Speaker Bio: PhD student at the School of Computer Science, Sun Yat-Sen University, supervised by Associate Professor Tao Jun. Research directions include neural network-oriented visual analytics methods, machine learning, and event sequence analysis, with a focus on general tools and algorithms for VIS4AI.
VisGuard: Securing Visualization Dissemination through Tampering-Resistant Data Retrieval

Huayuan Ye
East China Normal University
Abstract: The dissemination of visualizations is primarily in the form of raster images, which often results in the loss of critical information such as source code, interactive features, and metadata. While previous methods have proposed embedding metadata into images to facilitate Visualization Image Data Retrieval (VIDR), most existing methods lack practicability since they are fragile to common image tampering during online distribution such as cropping and editing. To address this issue, we propose VisGuard, a tampering-resistant VIDR framework that reliably embeds metadata link into visualization images. The embedded data link remains recoverable even after substantial tampering upon images. VisGuard enables various applications, including interactive chart reconstruction, tampering detection, and copyright protection. We conduct comprehensive experiments on VisGuard's superior performance in data retrieval accuracy, embedding capacity, and security against tampering and steganalysis, demonstrating VisGuard's competence in facilitating and safeguarding visualization dissemination and information conveyance.
Speaker Bio: Huayuan Ye, Master's student at East China Normal University, supervised by Associate Professor Li Chenhui. His research areas include AI4VIS, human-computer interaction, computer vision, etc. He has published several papers in journals/conferences such as VIS and CHI.
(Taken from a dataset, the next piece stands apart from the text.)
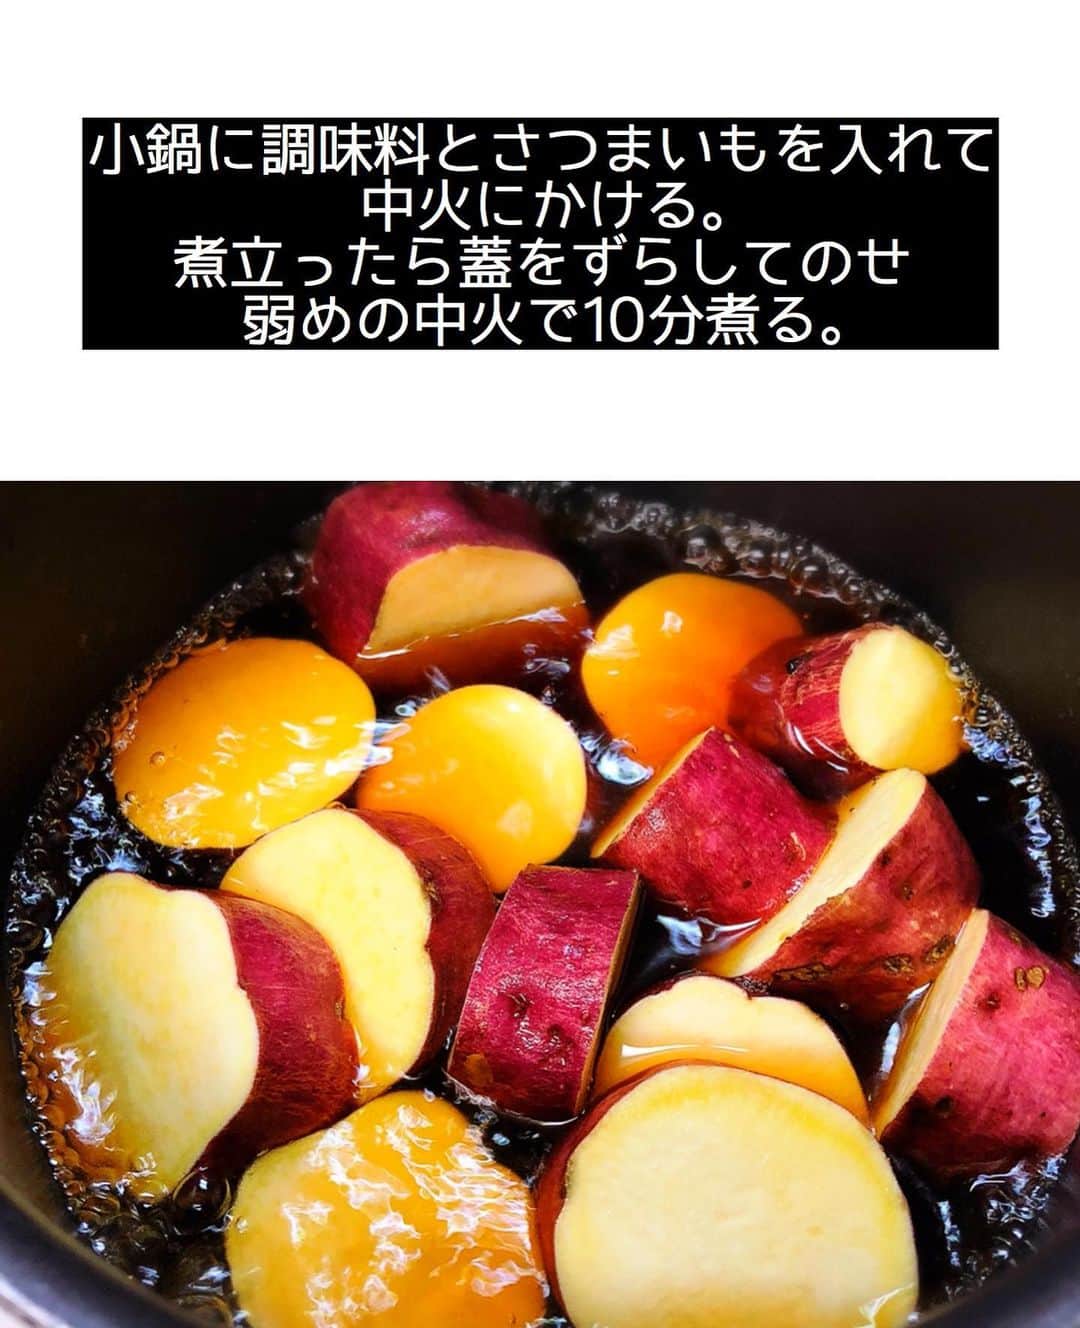 Mizuki【料理ブロガー・簡単レシピ】さんのインスタグラム写真 - (Mizuki【料理ブロガー・簡単レシピ】Instagram)「・ 【#レシピ 】ーーーーーーーーーーー 10分煮るだけ！さつまいもの甘辛煮 ーーーーーーーーーーーーーーーーー ⁡ 　 ⁡ おはようございます(*^^*) ⁡ 今日も引き続き🍠レシピ♡ ライブで作らせていただいた \ さつまいもの甘辛煮 / を テキストでご紹介します♩ ⁡ ⁡ お鍋に材料を入れたら ほぼ放置の超簡単レシピ！！ ほっこりと甘い煮物は 箸休めにぴったりですし お弁当にもおすすめです(*´艸`) 仕上げにバターを加えると コク深い味わいに仕上がりますよ〜♡ ⁡ これからの季節におすすめなので よかったらお試し下さいね(*^^*) ⁡ ⁡ ⁡ ＿＿＿＿＿＿＿＿＿＿＿＿＿＿＿＿＿＿＿＿＿ 【作りやすい量】 さつまいも...1本(250〜300g) ●水...200ml ●砂糖...大1.5 ●醤油...大1 バター...10g (あれば)黒ごま...適量 ⁡ 1.さつまいもは2cm幅の輪切り(大きければ半月切り)にし、水に5分晒して水気を切る。 2.小鍋に●と1を入れて中火にかける。煮立ったら蓋を少しずらしてのせ、弱めの中火で10分煮る。 3.さつまいもが柔らかくなったら火を止め、バターを加えて余熱で溶かす。器に盛り、黒ごまをトッピングする。 ￣￣￣￣￣￣￣￣￣￣￣￣￣￣￣￣￣￣￣￣￣ ⁡ ⁡ ⁡ 《ポイント》 ♦︎直径16cmの鍋を使用しています♩ ♦︎なるべくいじらずに煮て下さい☆ ♦︎一度冷ますとより味が染みます♩ ♦︎冷蔵庫で3〜4日保存できます☆ ♦︎作り置きやお弁当に入れる場合、お好みでバターは無しでもOKです♩ ⁡ ⁡ ⁡ ⁡ ⁡ ⁡ ⁡ \ 新刊予約開始しました /(9月24日発売) ⁡ 🔹🔹🔹🔹🔹🔹🔹🔹🔹🔹🔹🔹 今日のごはんこれに決まり！ #Mizukiのレシピノート 決定版 500品 🔹🔹🔹🔹🔹🔹🔹🔹🔹🔹🔹🔹 ⁡ 総レシピ6000点の中からレシピを厳選！ まさかの【500レシピ掲載】しました⭐️ (もはや辞典...) ⁡ 肉や魚のメインおかずはもちろん 副菜、丼、麺、スープ、お菓子 ハレの日のレシピ、鍋のレシピまで 全てこの一冊で完結！！ ⁡ ⁡ 🎁新刊予約でエプロンが当たる🎁 プレゼントキャンペーン実施中 ￣￣￣￣￣￣￣￣￣￣￣￣￣￣￣￣￣￣￣￣￣ 【応募方法】 ❶1枚目に表紙画像 2枚目にAmazonで予約したことがわかる画像 (どちらもスクショでOK)を貼りつける。 ❷ハッシュタグ【#Mizukiのレシピノート 】 をつけて投稿！ ￣￣￣￣￣￣￣￣￣￣￣￣￣￣￣￣￣￣￣￣￣￣ ⁡ ⁡ ⁡ ⁡ ⁡ ＿＿＿＿＿＿＿＿＿＿＿＿＿＿＿＿ 🟥YouTube 料理動画配信中🟥 ￣￣￣￣￣￣￣￣￣￣￣￣￣￣￣￣ 料理とお菓子の簡単レシピを ご紹介しています☺️💓 ⁡ 【奇跡のキッチン】で検索🔍 (ハイライトからも飛べます✨) ￣￣￣￣￣￣￣￣￣￣￣￣￣￣￣￣ ⁡ ⁡ ⁡ ＿＿＿＿＿＿＿＿＿＿＿＿＿＿＿＿ 🔶🔶recipe book🔶🔶 ￣￣￣￣￣￣￣￣￣￣￣￣￣￣￣￣ ホケミレシピの決定版♩ \はじめてでも失敗しない/ 📙#ホットケーキミックスのお菓子 ⁡ NHKまる得マガジンテキスト☆ #ホットケーキミックス で ⁡ 📗絶品おやつ&意外なランチ ⁡ しんどくない献立、考えました♩ \𝟣𝟧分でいただきます/ 📕#Mizukiの2品献立 ⁡ 和食をもっとカジュアルに♩ \毎日のごはんがラクになる/ 📘#Mizukiの今どき和食  ＿＿＿＿＿＿＿＿＿＿＿＿＿＿＿＿＿ ⁡ ⁡ ⁡ ⁡ #さつまいもの甘辛煮m #さつまいも #煮物 #作り置き #お弁当 #mizuki #簡単レシピ #時短レシピ #節約レシピ #料理 #料理初心者  #時短ごはん #節約ごはん #フーディーテーブル #おうちごはん #デリスタグラマー #おうちごはんlover #料理好きな人と繋がりたい #写真好きな人と繋がりたい #foodpick#cooking#recipe #foodporn」8月24日 7時31分 - mizuki_31cafe

NeuroSync: Intent-Aware Code-Based Problem Solving via Direct LLM Understanding Modification

Wenshuo Zhang
Hong Kong University of Science and Technology
Abstract: The use of conversational large language models for programming tasks by non-experts is on the rise. However, a significant hurdle remains in effectively communicating complex user intentions to these models, often resulting in generated code that fails to meet user needs. This research investigates this communication breakdown and proposes a new direction for human-LLM interaction. Our approach aims to create a more transparent and collaborative process where the user's intent can be more clearly understood and verified by the system. We have developed a prototype to explore this new paradigm. Results from our evaluations are promising and suggest that our methods can enhance the synergy between users and AI, leading to more effective and efficient outcomes in programming-related tasks.
Speaker Bio: Wenshuo Zhang, PhD student at Hong Kong University of Science and Technology, supervised by Professor Qu Huamin. His research direction is human-AI alignment in conversational and agent systems, with particular focus on improving the performance of large language models in programming and other tasks.